On the morning of 15th May, Evgeniy Chubarin called his mother. “He was in a hurry: ‘Mum, they are going to give me a machine gun now, there’s no time.’ And that was it, I never heard from him again,” recalled Nina Chubarina, a 50-year-old milkmaid and mother of nine from the Karelian village of Shyoltozero. That was her last conversation with her son.

The next day he was killed in an artillery attack somewhere in the region of Kharkiv. 24-year-old Chubarin had only been in Ukraine for a couple of days. Two days before crossing the border, he had been in his native Karelia. These contract volunteers were not trained at all before being dispatched to the front.

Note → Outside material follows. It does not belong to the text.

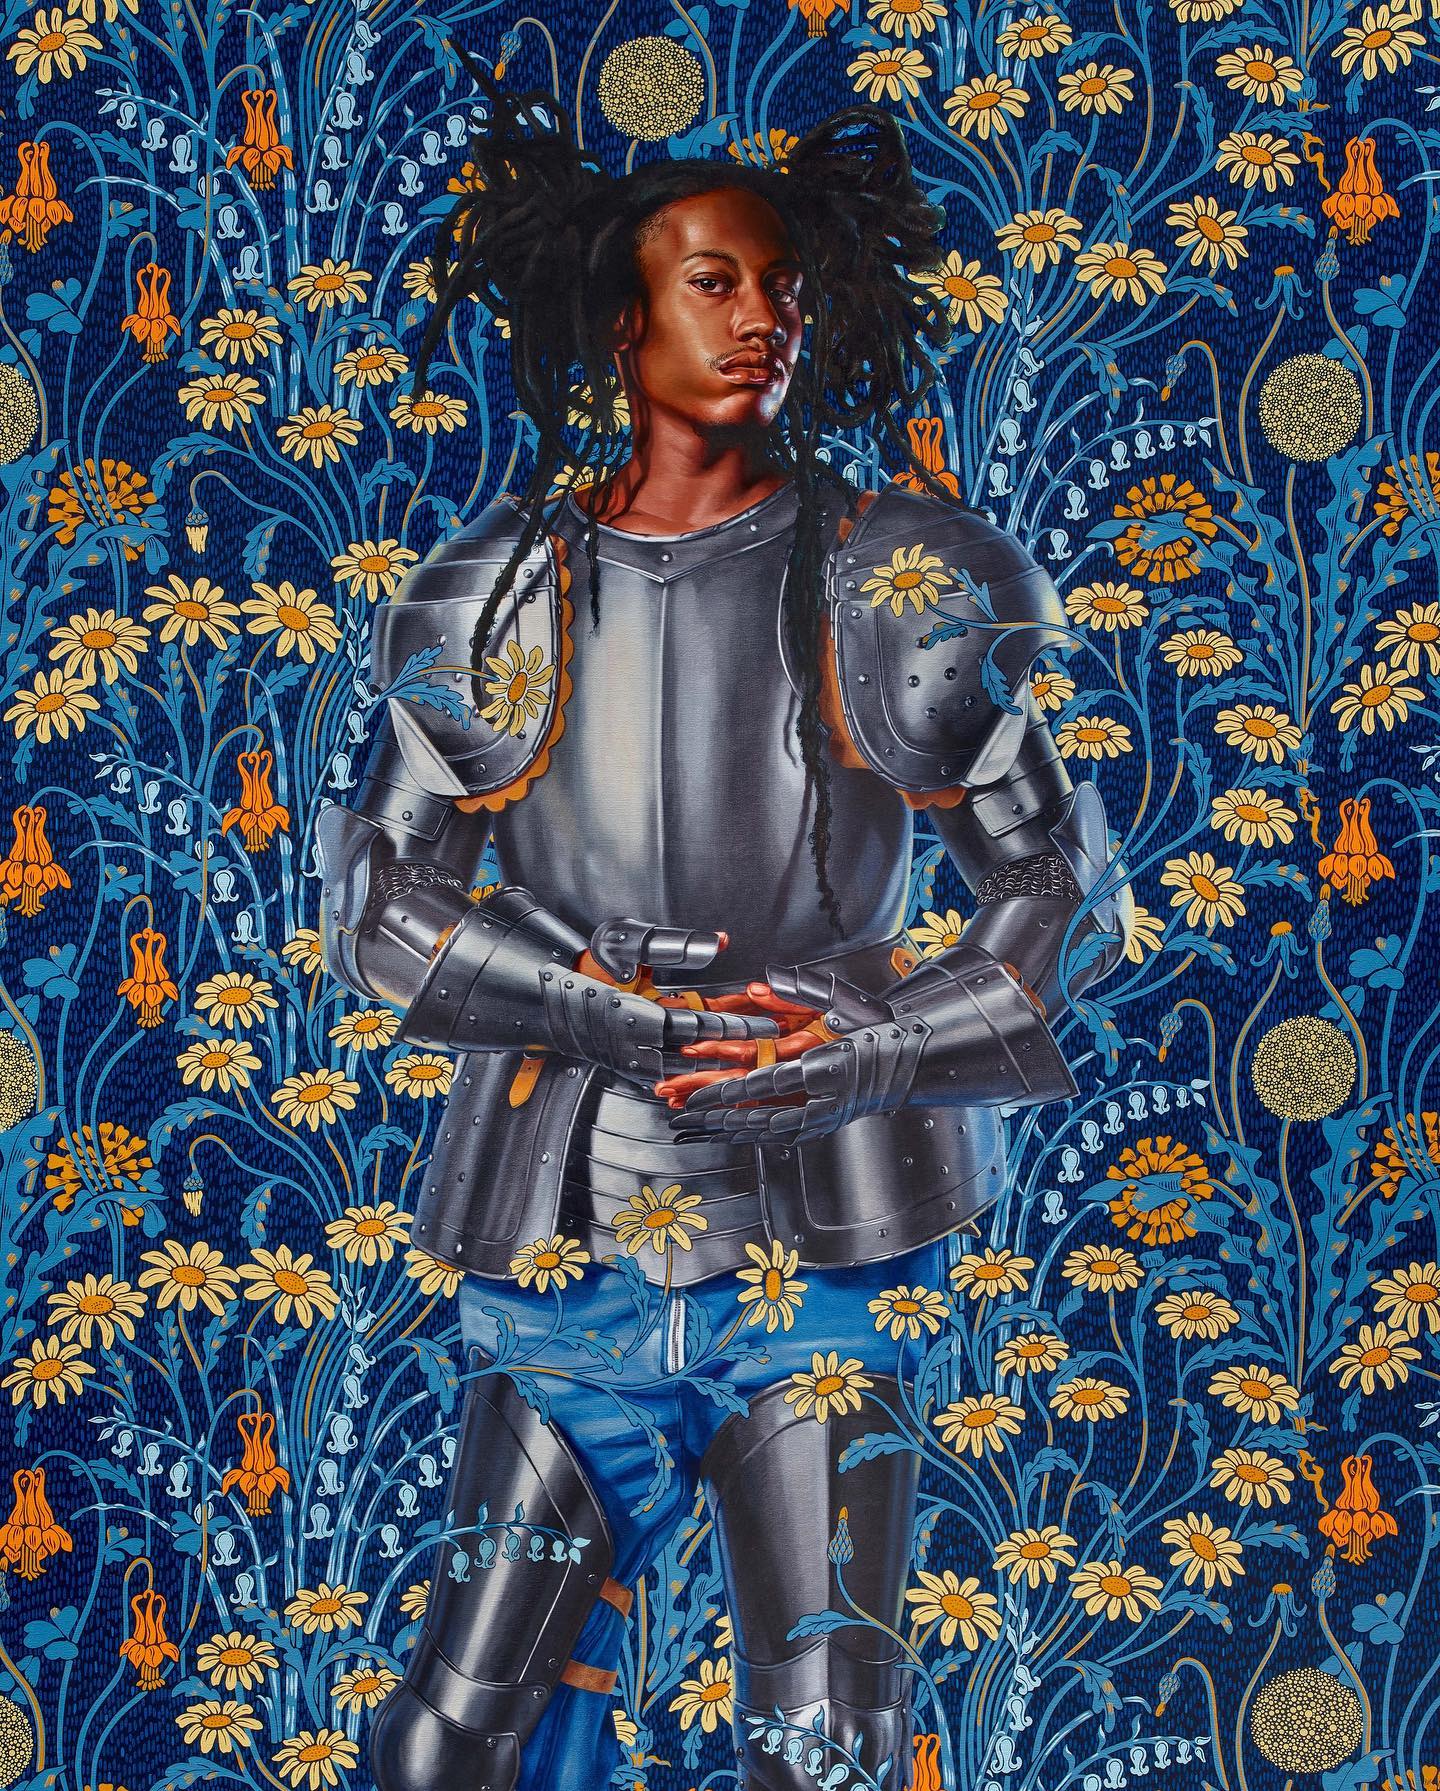 Oeuvre très colorées de l'artiste Kehinde Wiley

On 9th May, a week before his death, Evgeniy was helping his older brother put up a fence near his home in Shyoltozero; they were joking around and laughing a lot. “Zhen'ka was the merriest of us all,” sighs Nina Chubarina. Evgeniy is the fourth oldest of five brothers and four sisters.

At eighteen, he served in the army, then got married, became a father to his son, and was working at a stone-processing plant in the same village. “He made good money: 80,000, 90,000, 60,000, whatever he could earn,” says Nina Chubarina. “And when he left [to go to war], I asked him: ‘Zhenya, how much are you going to get paid?’ ‘I don't know,’ he said.”

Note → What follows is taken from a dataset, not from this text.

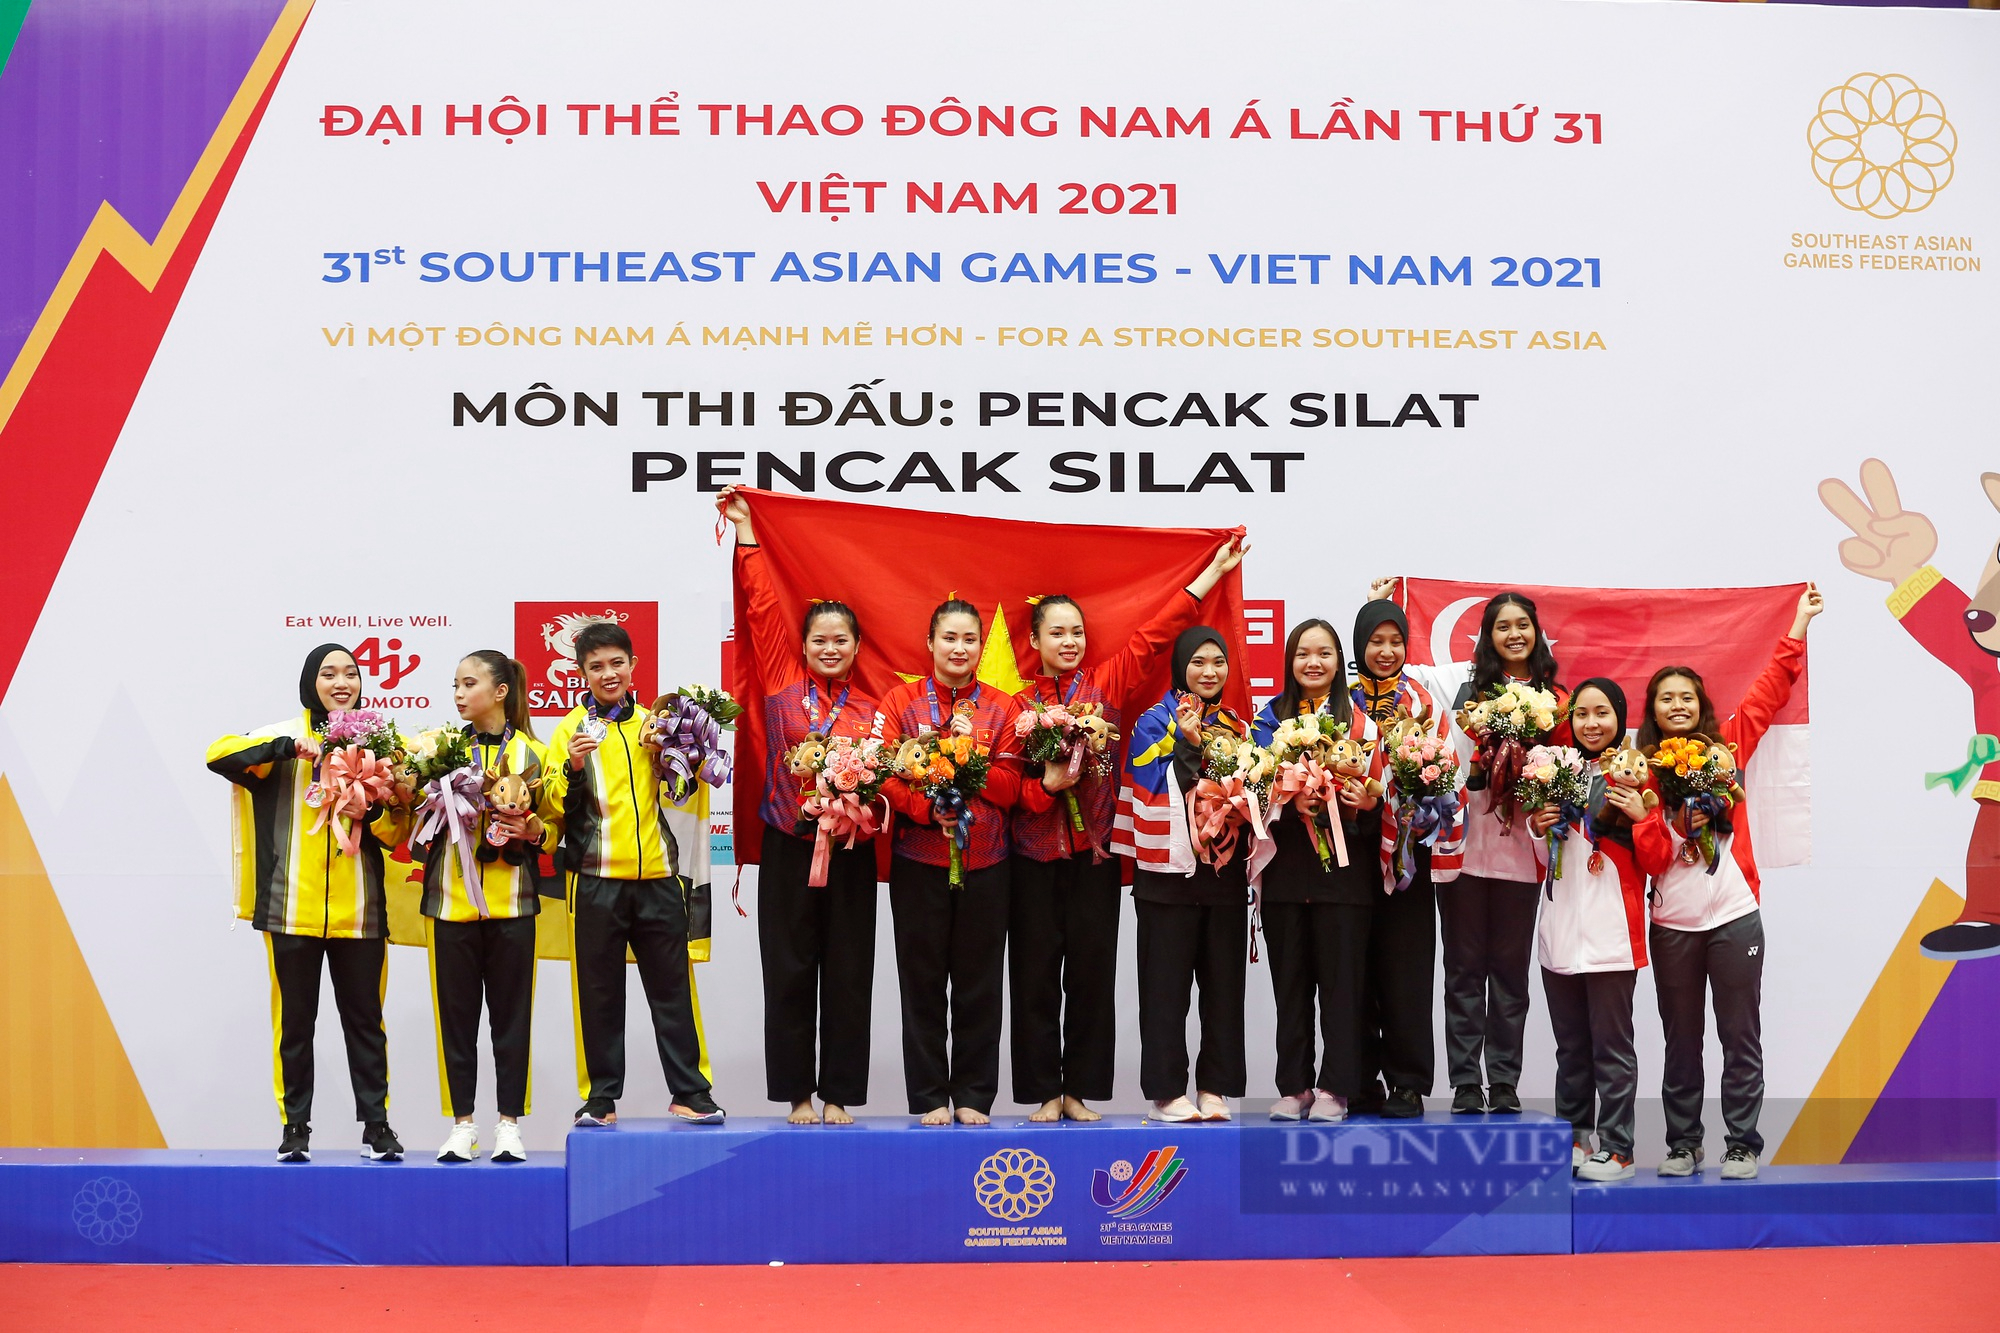 Khoảnh khắc 3 &quot;nữ tướng&quot; Pencak silat Việt Nam thi đấu và nhận huy chương vàng đầy cảm xúc - Ảnh 9.

Illustration: Boris Khmelny / Mediazona

Evgeniy decided to sign a contract and join the fight not for the sake of making money, but because of his broken marriage. “He wanted to prove to his ex-wife that he was like that... not afraid of anything,” explains his mother. “He thought he could win her back this way, he thought she would say: ‘Zhenya, don't go'. But she said: ‘I don't care either way’.”

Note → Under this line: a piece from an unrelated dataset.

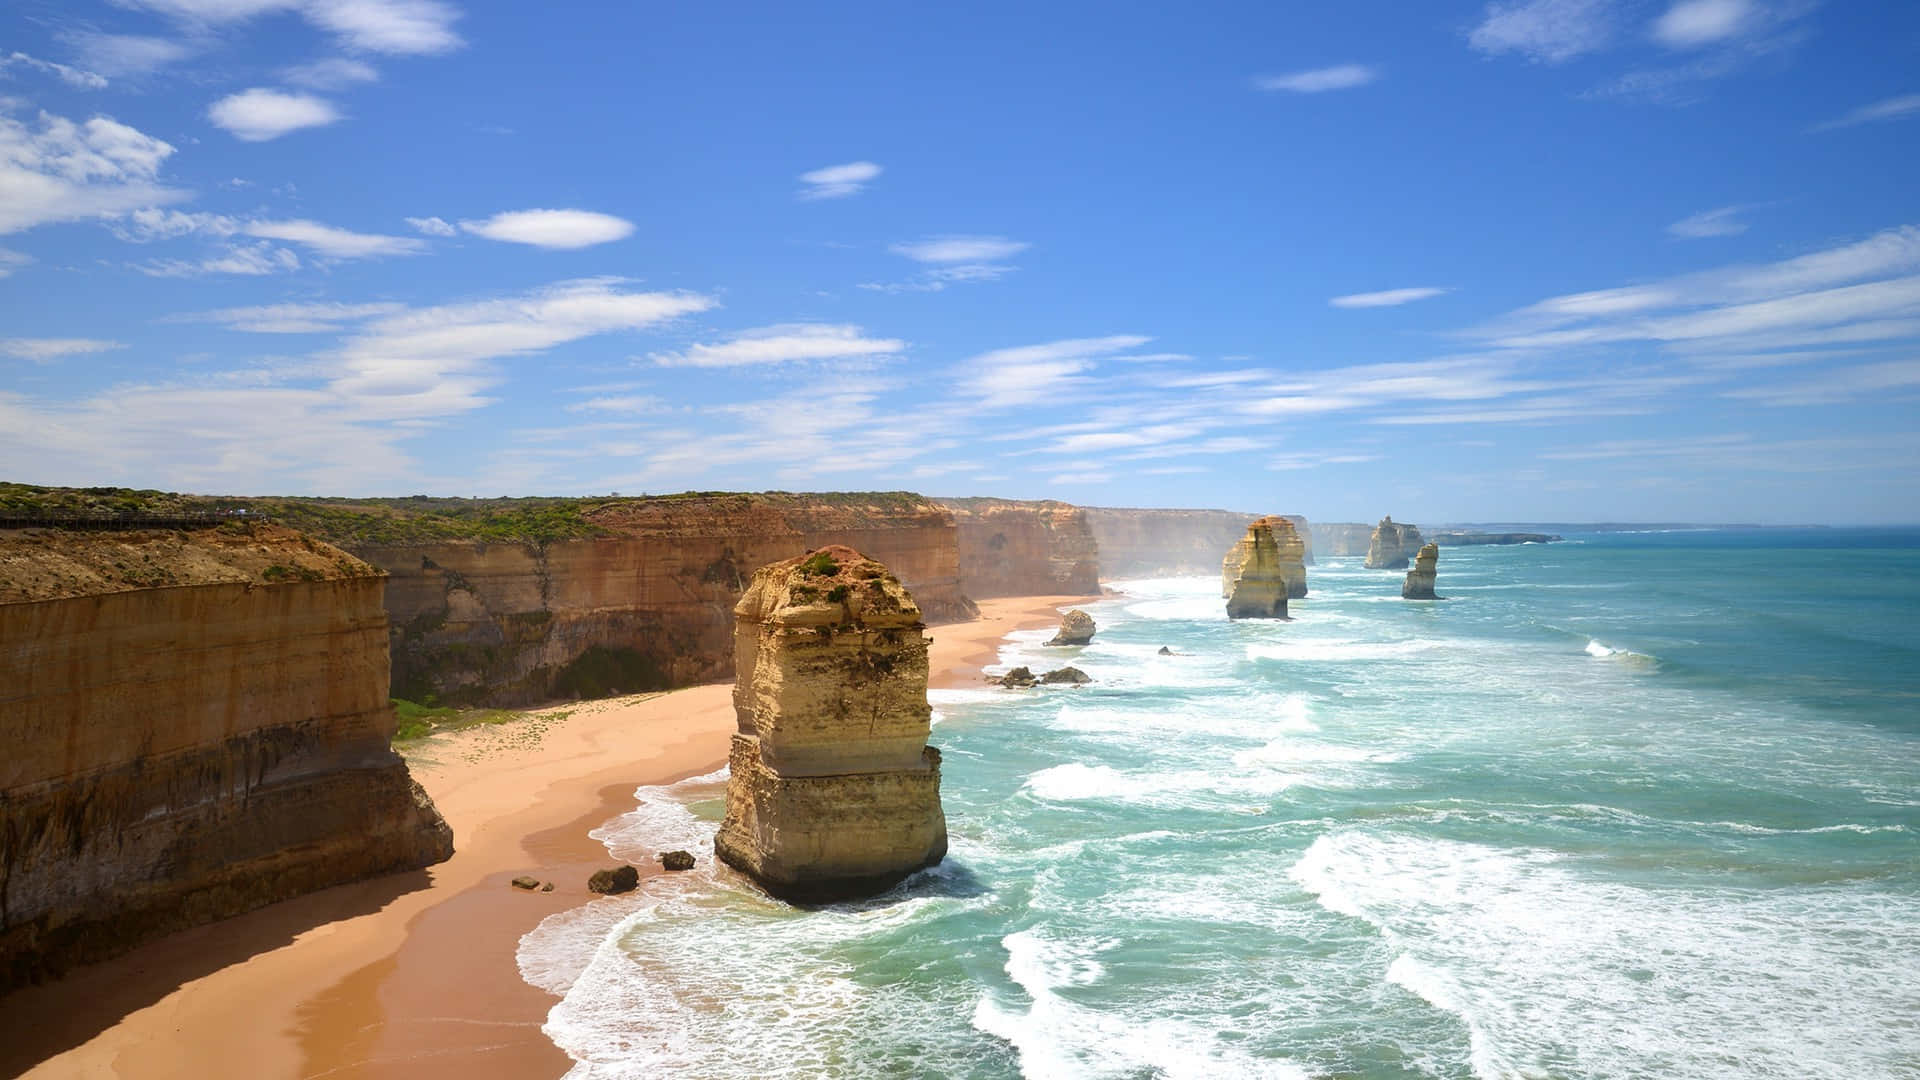 Explore the wonders of Australia

Referring to her son’s departure, Nina Chubarina says “to the war”, but immediately clarifies that she calls what is happening in Ukraine a war “just for [her] own sake.”

Three days from recruitment to battle

Since March, when the invasion of Ukraine stalled, Russian authorities launched a massive effort to recruit people with military experience back to the army, all the while remaining reluctant to order a general mobilisation. Recruitment notices hang in the streets and on public transport, and reservists receive calls or semi-legal summonses from the military registration and enlistment offices. In the past three and a half months, HeadHunter, a major online recruitment platform in Russia, has posted about 7,000 job vacancies with the specialisation of military contract work, notes BBC News Russian. Another 18,000 vacancies had appeared on Superjob, another online recruiting website.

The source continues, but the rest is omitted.